Синдром Шринка (Синьцзянский синдром, Кленерунгит)- редкое заболевания обмена веществ, заключающееся в постепенном сокращении мышечной и костной массы больного. Возбудитель С.Ш. не выявлен. G. Parkinson [2] указывет в качестве ареала обитания возбудителя Восточный Туркестан (см Туркестан, восточный). В большинстве случаев С.Ш. приводит к летальному исходу. Энциклопедия Брокгауза и Евфрона, тои 45, стр 324. Издание тов. Братьев Вольф, Моска, 1893 год.
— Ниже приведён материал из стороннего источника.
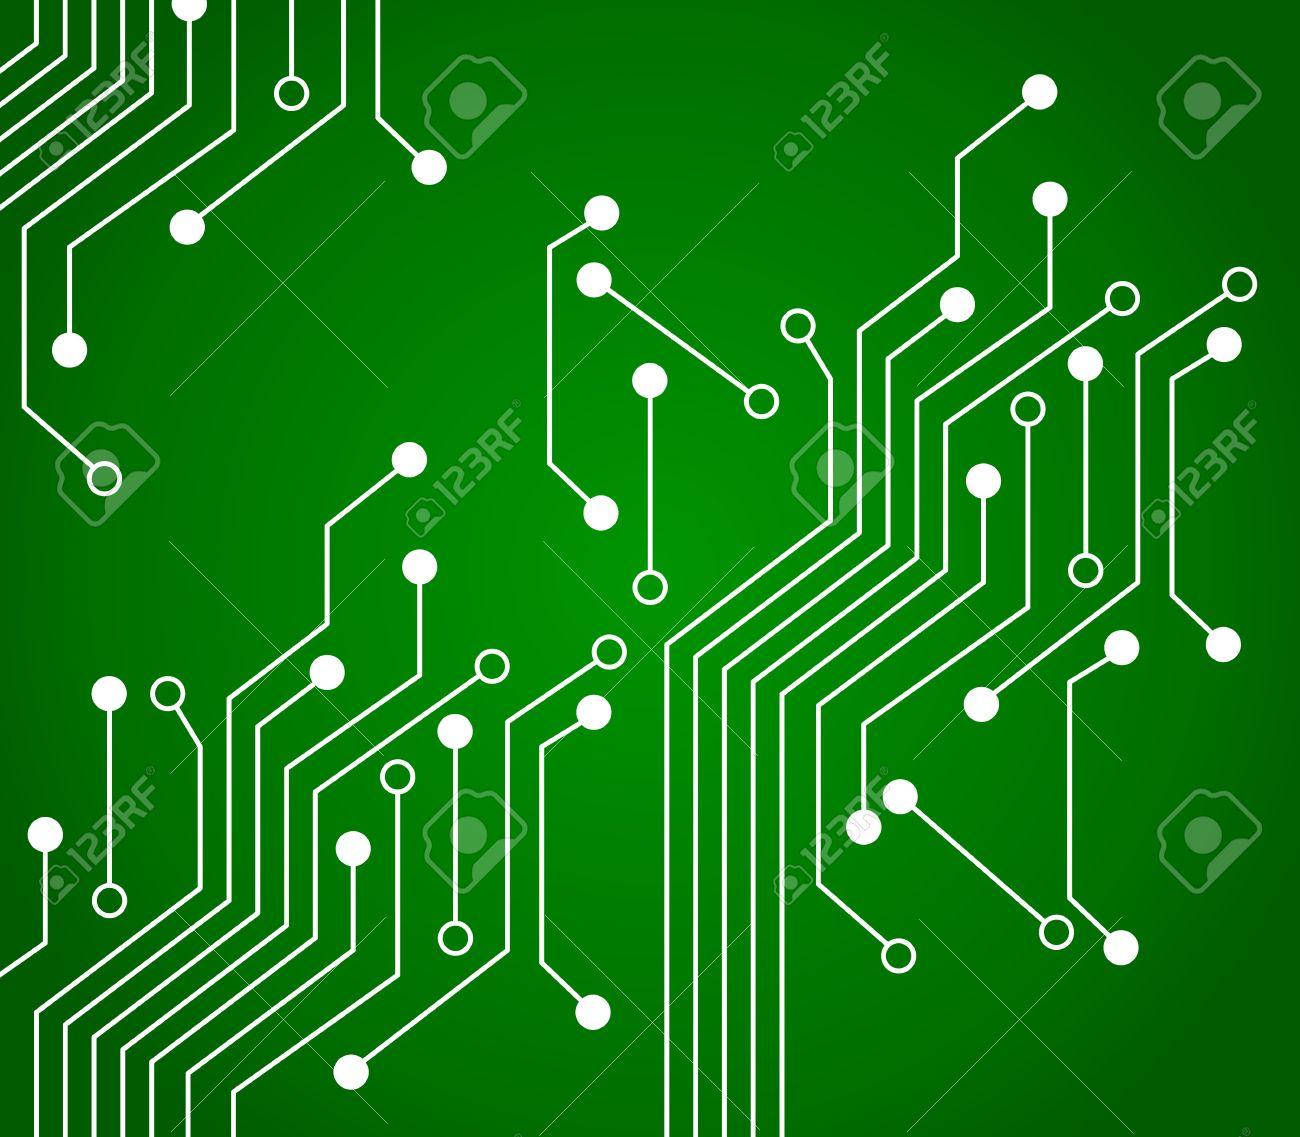 Circuito Electronico : Tecnología de fondo con el circuito electrónico es la moderna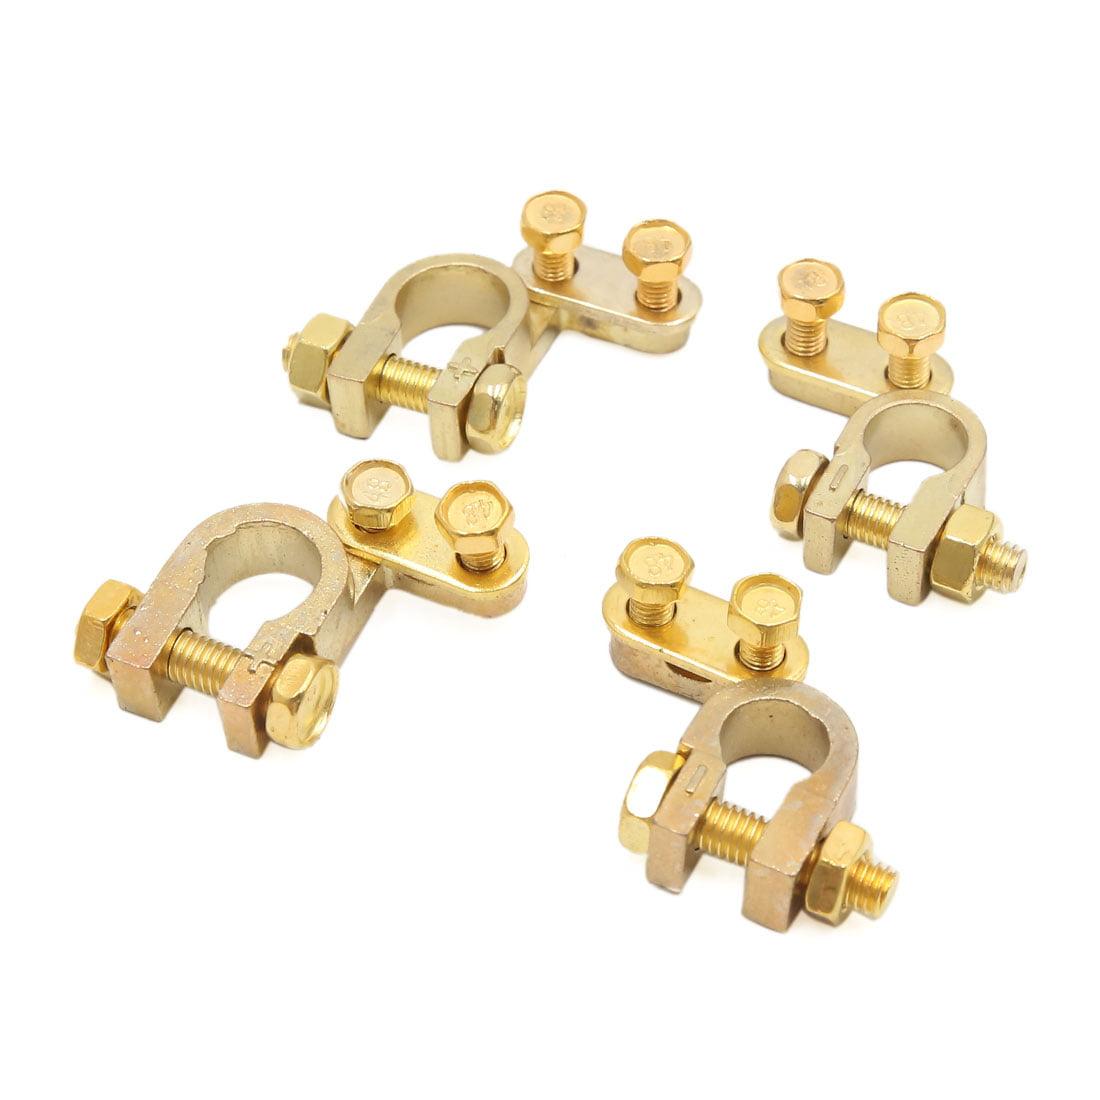 4Pc alliage cuivre doré positive négative batterie Connecteur colliers - image 2 de 2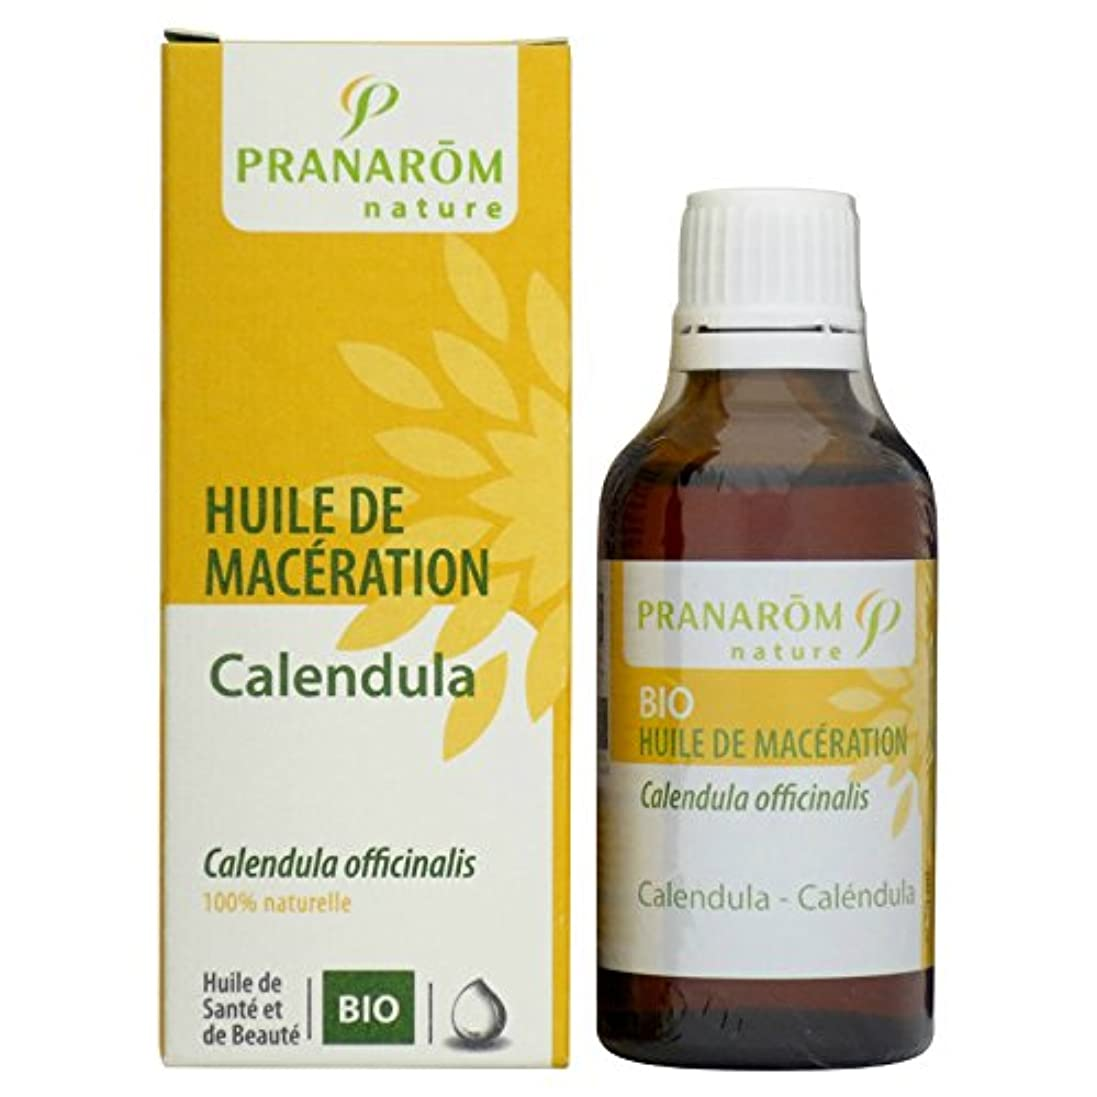 西喜びカヌープラナロム カレンデュラオイル 50ml (PRANAROM 植物油)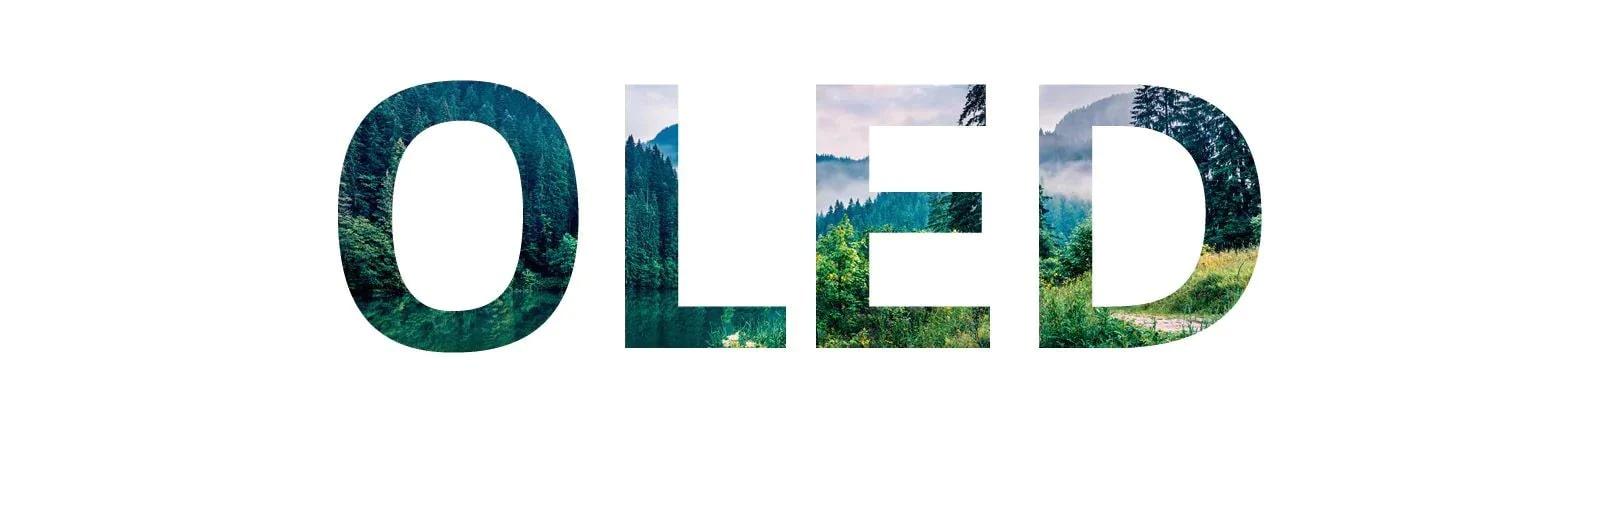 Слово OLED, наполненное изображением природы, перемещающееся из правого угла (просмотр видео)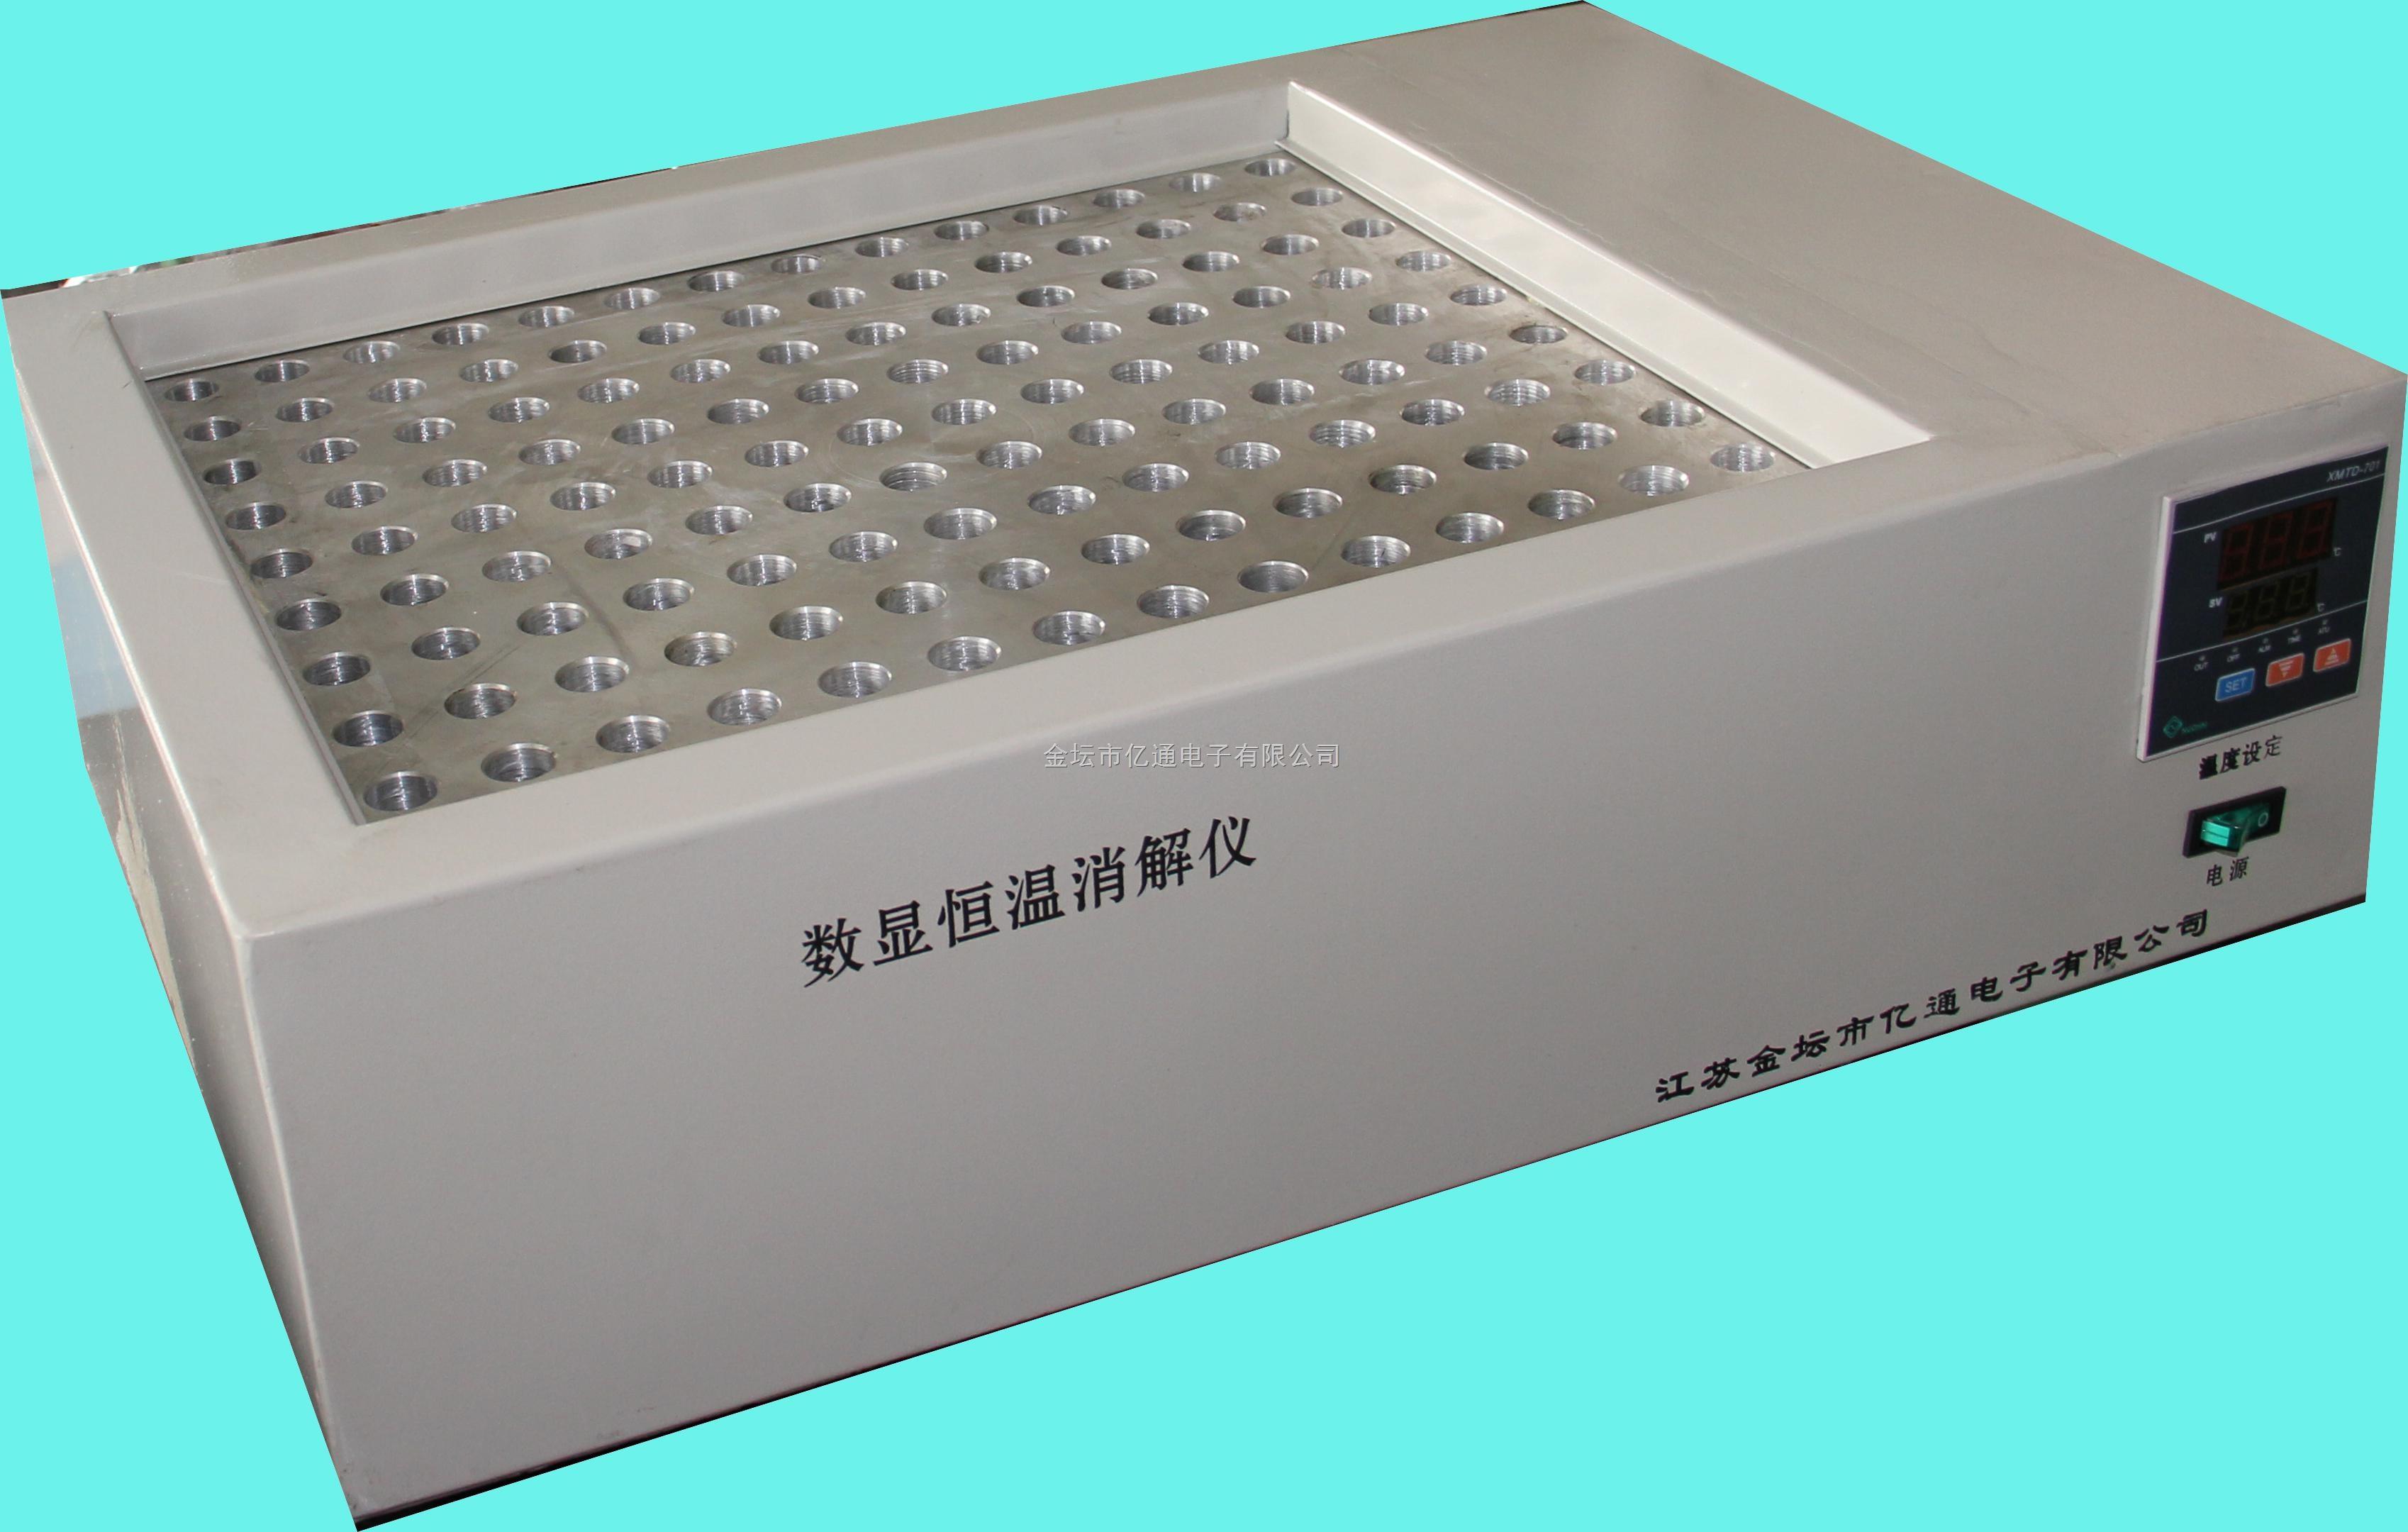 DTD-25型数字铝制恒温消解仪

  "Дома выцвели, яркие заплаты реклам словно грим на стареющем лице примадонны... Куда, позвольте спросить, девался шарик с Дома книги? И этот монстр с зеркальными панелями — здесь ведь, помнится, стоял особнячок где жили Катины родители... Мы с Катей целовались в подворотне, а потом она взбегала легко на крылечко, вся — огонь. Да-а, крылечка безусловно, тоже не пожалели. Эх...
  Такие мысли лениво копошились в белокурой голове Антона Петровича, покуда он долго и скучно добирался с вокзала. Антон Петрович ехал домой, в кирпичное трехэтажное гнездо на окраине Города. Разномастные доходные дома постепенно сменялись многоэтажными муравейниками (Антон Петрович помянул недобрым словом гениального француза, коему весь мир обязан появлением подобных нормализованных жилищ. Затем Город внезапно и болезненно оборвался. Перед Антон Петровичем развернулась гладь самого большого, Третьего озера, серенькие купы деревьев (был ноябрь), низкое небо, холмы, покрытые инеем, словно шевелюра сорокалетнего еврея и воткнутые там и сям кирпичные "палаццо дель проццо" . Антон бессильно откинулся на сиденье застигнутый врасплох чувством, которому еще в юности дал название "синдром возвращения". Он с обреченностью ощущал, как прочно забытые и сглаженные множеством новых ощущений картины вдруг оживают и словно безобразные подснежники расцветают у него в голове, заполняя ее тем же неутолимым голодом, от которого он бежал в течение трех лет, бежал, спасая рассудок и вероятно жизнь. Антон Петрович три года провел в путешествии. Индия, потом раскопки в Египте, потом - для контраста - Аляска и север Канады, а последние три с половиной месяца - Австралийские пустыни.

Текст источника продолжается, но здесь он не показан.